On 08/18/2016 11:03 AM, Chris Mason wrote:
On Wed, Mar 30, 2016 at 11:37:21PM +0100, fdman...@kernel.org wrote:
From: Filipe Manana <fdman...@suse.com>

If we rename an inode A (be it a file or a directory), create a new
inode B with the old name of inode A and under the same parent directory,
fsync inode B and then power fail, at log tree replay time we end up
removing inode A completely. If inode A is a directory then all its files
are gone too.

I bisected a crash with dbench down to this patch.  The reproduction was:

mkfs.btrfs -m single -f /dev/vdb
mount /dev/vdb /btrfs
cd /btrfs
mkdir clients
for x in `seq 0 100` ; do btrfs subvol create clients/client$x ; done
sync
dbench 100

In other words, run dbench with a subvol per dbench thread.  It crashes
immediately, most often with an invalid access in copy_from_user during
file_write.  The pattern of crashes and location just show general
memory corruption and the actual stack trace wasn't very useful.

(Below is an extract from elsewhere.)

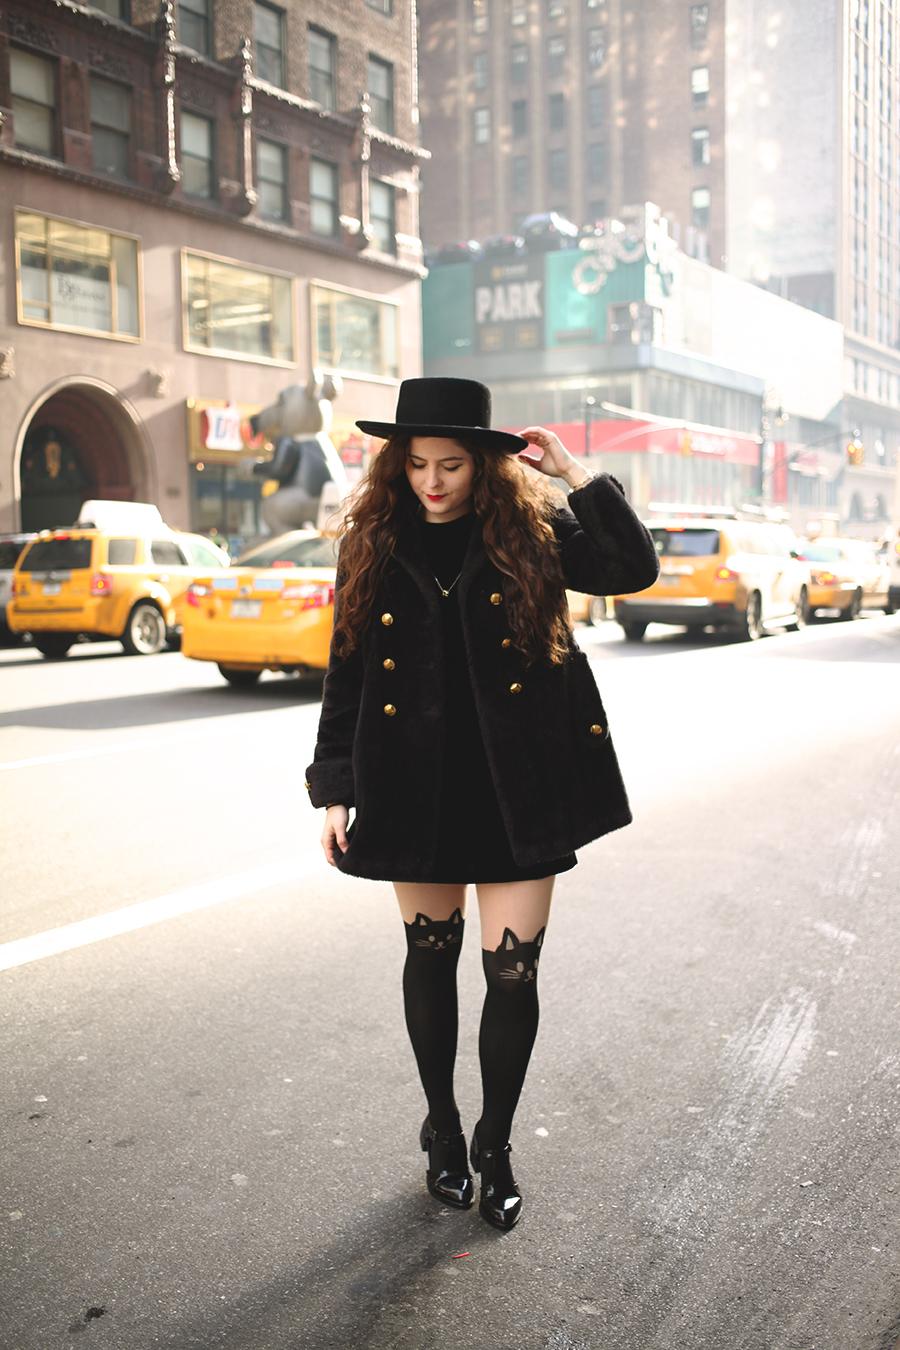 running around the city
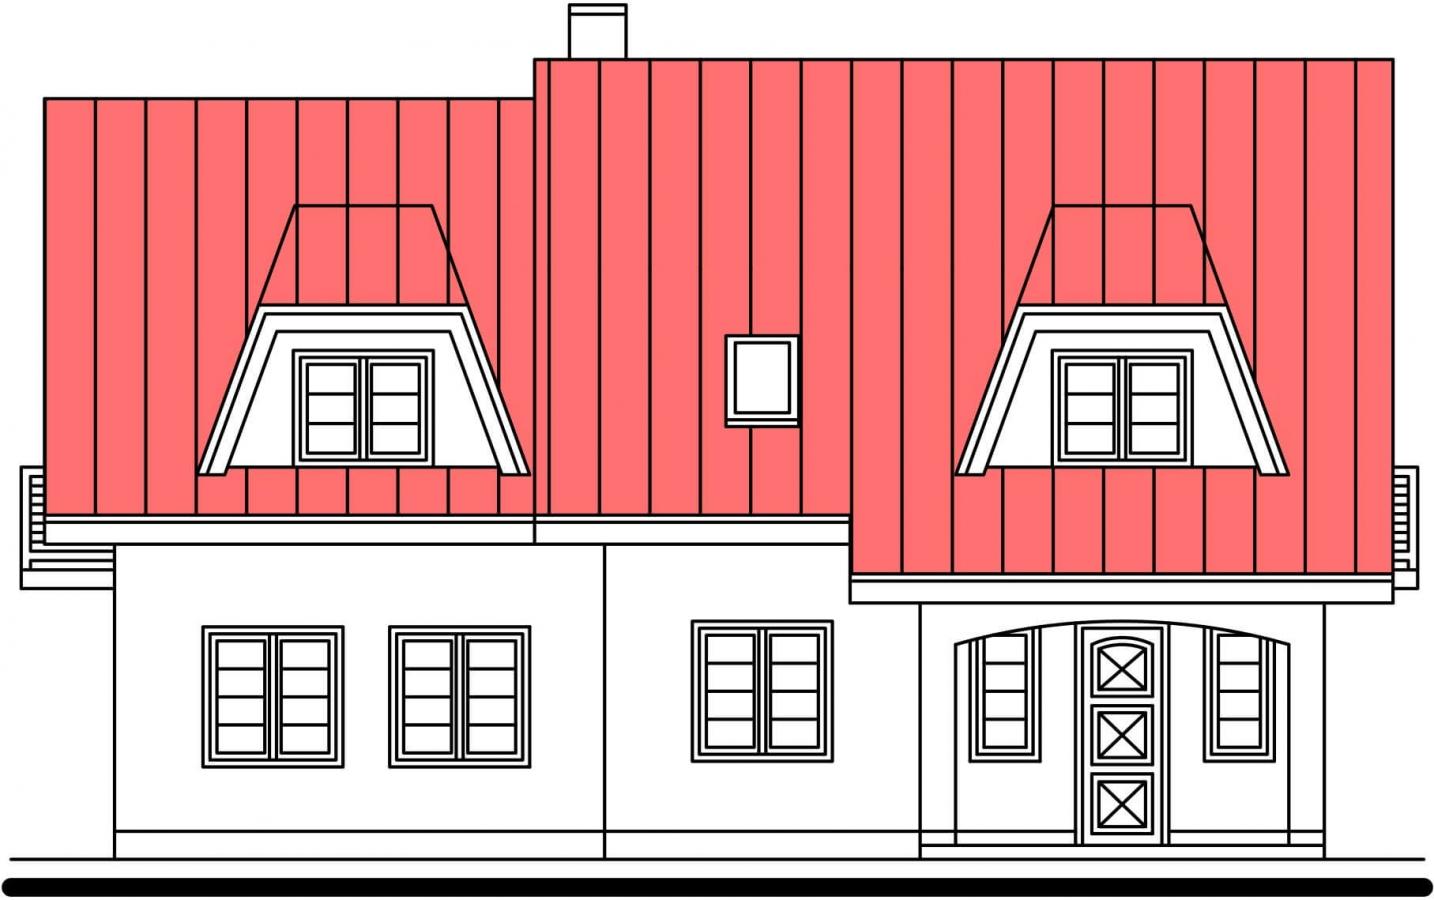 Pohľad 1. - Vidiecky rodinný dom

With this patch reverted the runs last much much longer, but we still
hit a crash eventually.  It's not clear to me if this is two different
bugs or if Filipe's patch just makes the corruption much easier to hit.
I'm still digging through it all, but here's a common backtrace with
this patch reverted:


Lots of debugging later, we're leaving btrfs_log_ctx structures from the stack in lists without taking them out before btrfs_sync_file() or btrfs_sync_log() exit. I'm still figuring out all of the corner cases where it happens, but at least things are starting to make sense again.

I should have a patch out the door on Tuesday.